MCP (Model Context Protocol): An open protocol by Anthropic for connecting AI models to external tools and data sources. MCP enables structured tool use with type-safe schemas. Mixture of Experts (MoE): An architecture where only a subset of model parameters are activated for each input. MoE enables larger total parameter counts while keeping inference costs manageable. GPT-4 and Mixtral use MoE architectures. Parameter: A learned value in a neural network, typically a weight or bias. Modern LLMs have billions to trillions of parameters. Prompt Engineering: The practice of crafting inputs to elicit desired outputs from AI models. Techniques include system prompts, few-shot examples, chain-of-thought, and structured output formats.

Q-R — Quantization to RLHF

Quantization: Reducing the precision of model weights (e.g., from 32-bit to 4-bit) to decrease memory and compute requirements. Quantized models run faster and on smaller hardware with minimal quality loss. RAG (Retrieval-Augmented Generation): A technique that retrieves relevant documents before generating a response, grounding outputs in real data. RAG reduces hallucinations and enables models to access up-to-date information. Reinforcement Learning from Human Feedback (RLHF): A training approach where models are optimized based on human preference judgments. RLHF is used to align language models with human values and make outputs more helpful and safe. Constitutional AI (CAI) extends RLHF with AI-generated feedback.

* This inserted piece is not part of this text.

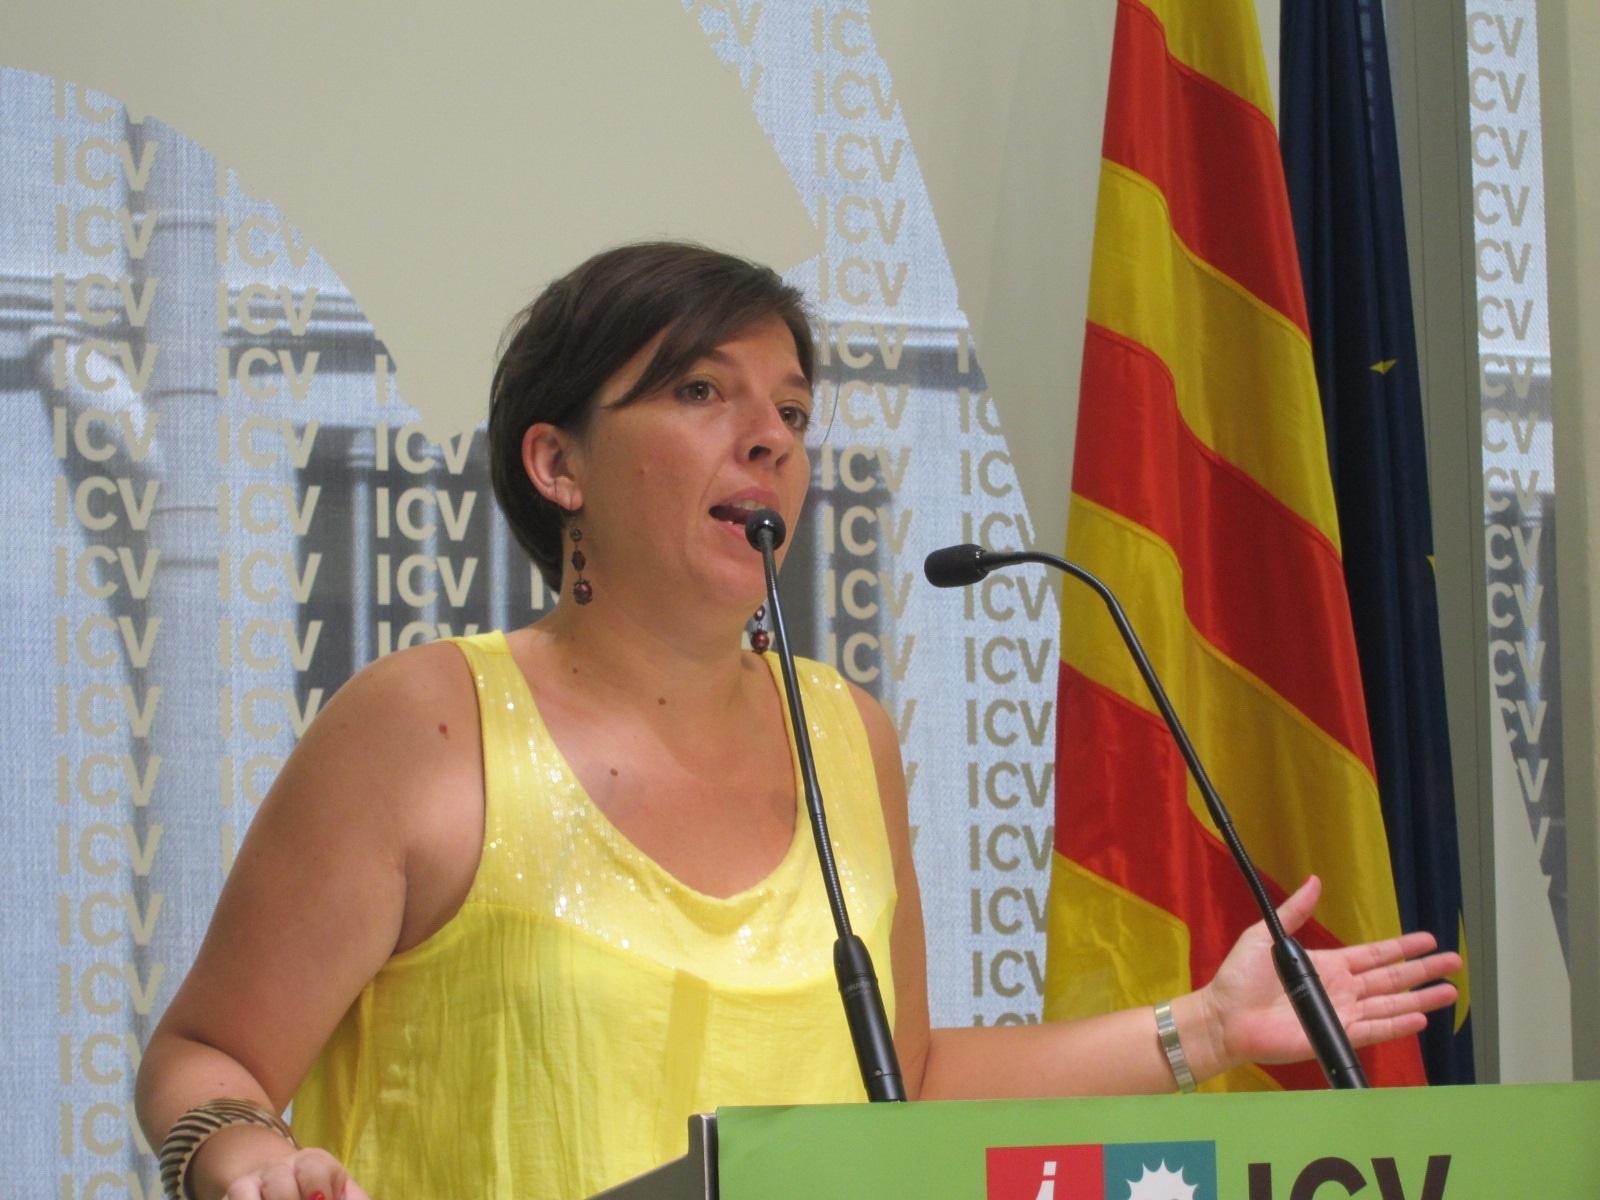 ICV asume que el Concert per la Llibertat exige a los partidos un esfuerzo por el »derecho a decidir»

S-T — Scaling Laws to Transformers

Scaling Laws: Empirical relationships between model size, training data, compute, and performance. Scaling laws predict that model quality improves predictably with increased resources, following power-law curves. Self-Supervised Learning: Training on unlabeled data by creating pseudo-labels from the data itself. Next-token prediction in language models is the most successful self-supervised task. Temperature: A parameter controlling the randomness of model outputs. Temperature 0 produces deterministic outputs; higher temperatures increase diversity. Transformers: The neural network architecture behind modern LLMs. Transformers use self-attention to process sequences in parallel, enabling efficient training on massive datasets. Introduced in the 2017 paper "Attention Is All You Need."

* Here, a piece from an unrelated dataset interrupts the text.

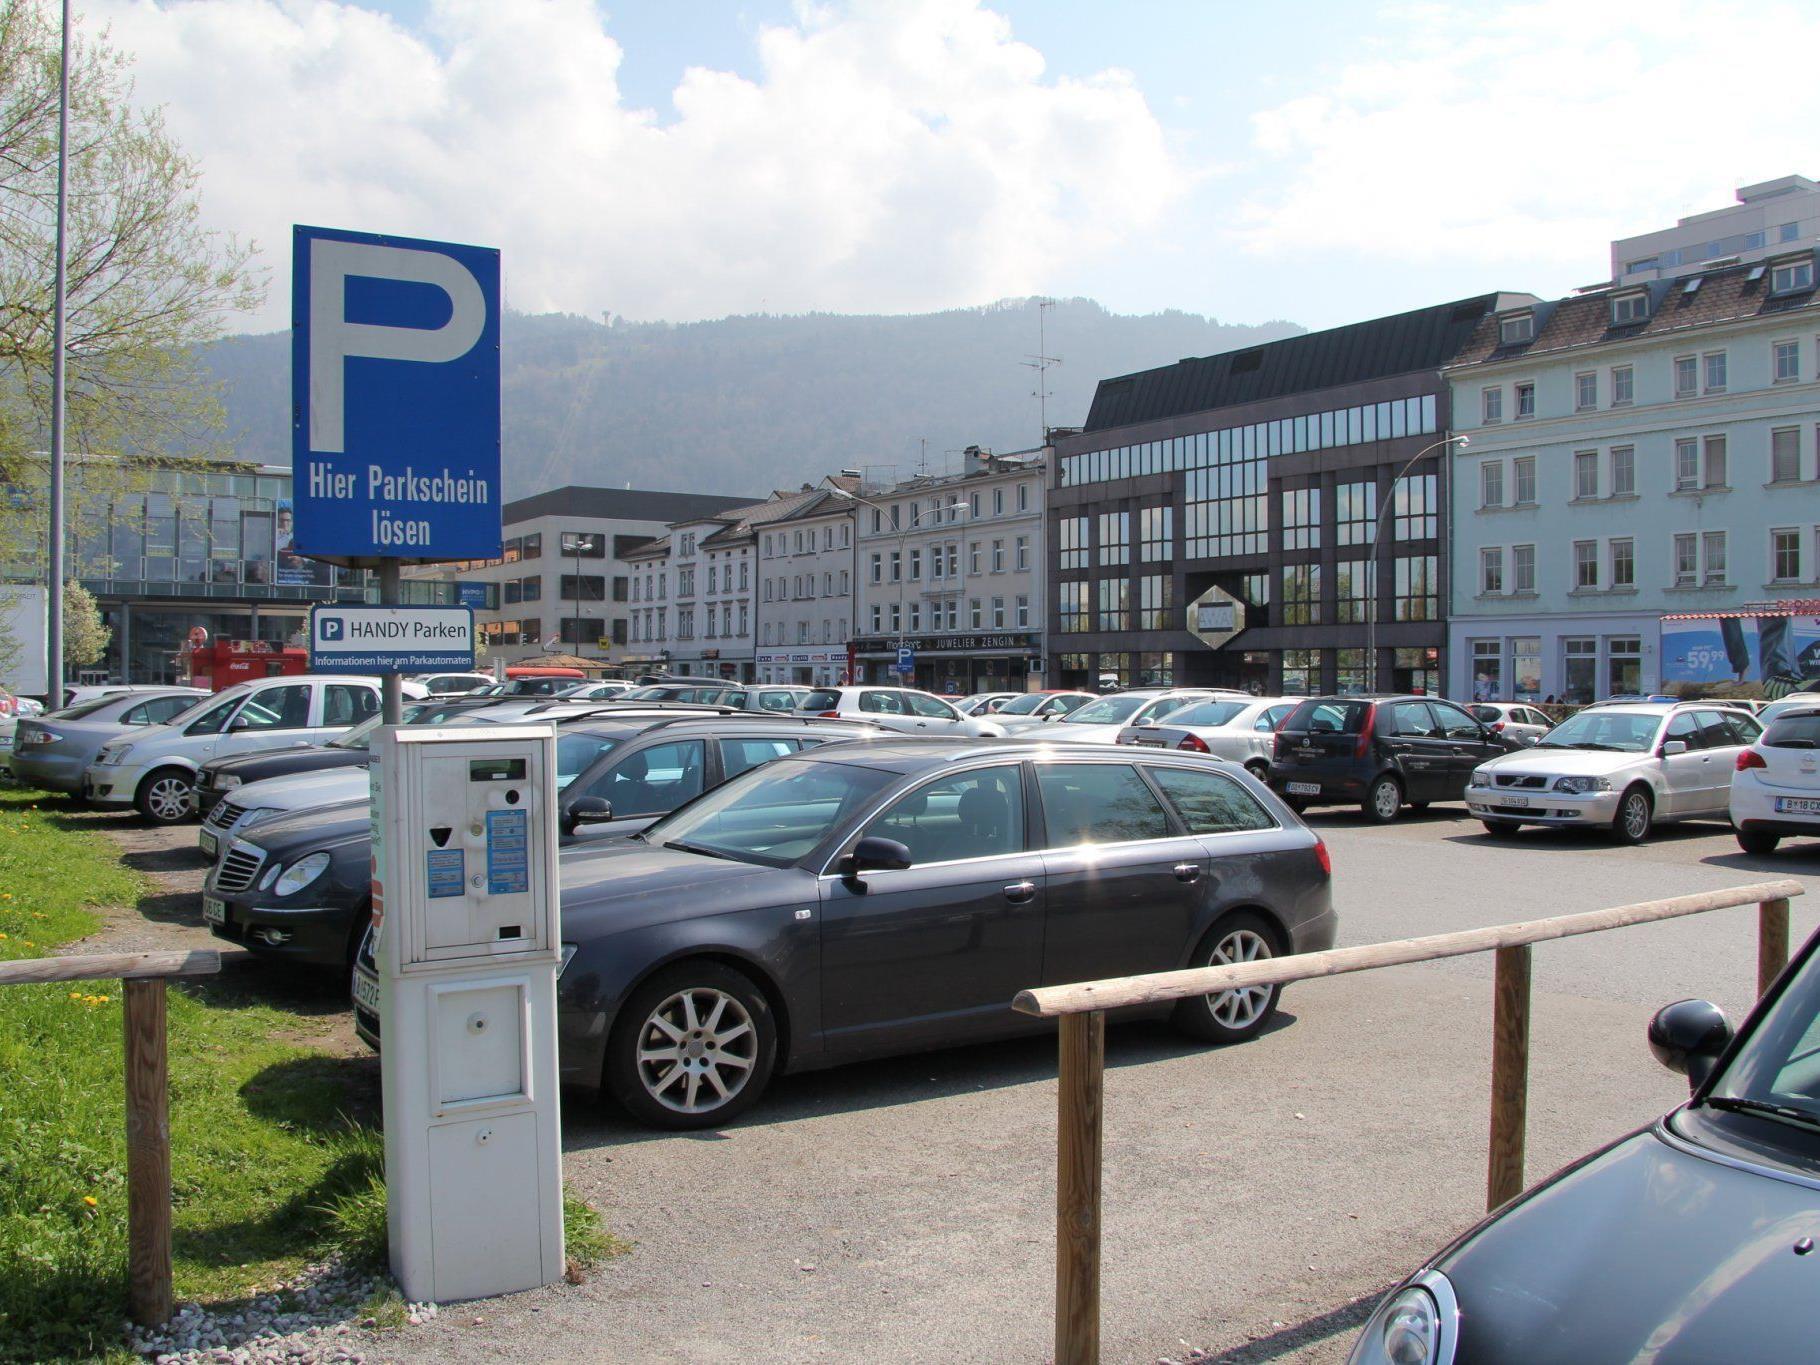 Seestadt Parkplatz in Bregenz

U-Z — Vector Database to Zero-Shot

Vector Database: A specialized database for storing and querying high-dimensional embedding vectors. Used in RAG systems for semantic search. Popular options include Pinecone, Weaviate, Chroma, and pgvector. Web Crawling: Automated browsing and indexing of web pages. AI companies operate large-scale crawlers (GPTBot, ClaudeBot, CCBot) to collect training data and keep knowledge bases current. See our detailed analysis of web crawler economics and bot detection methods. Zero-Shot Learning: A model's ability to perform tasks it was never explicitly trained on, using only a natural language description. Zero-shot capability is a hallmark of large foundation models and scales with model size.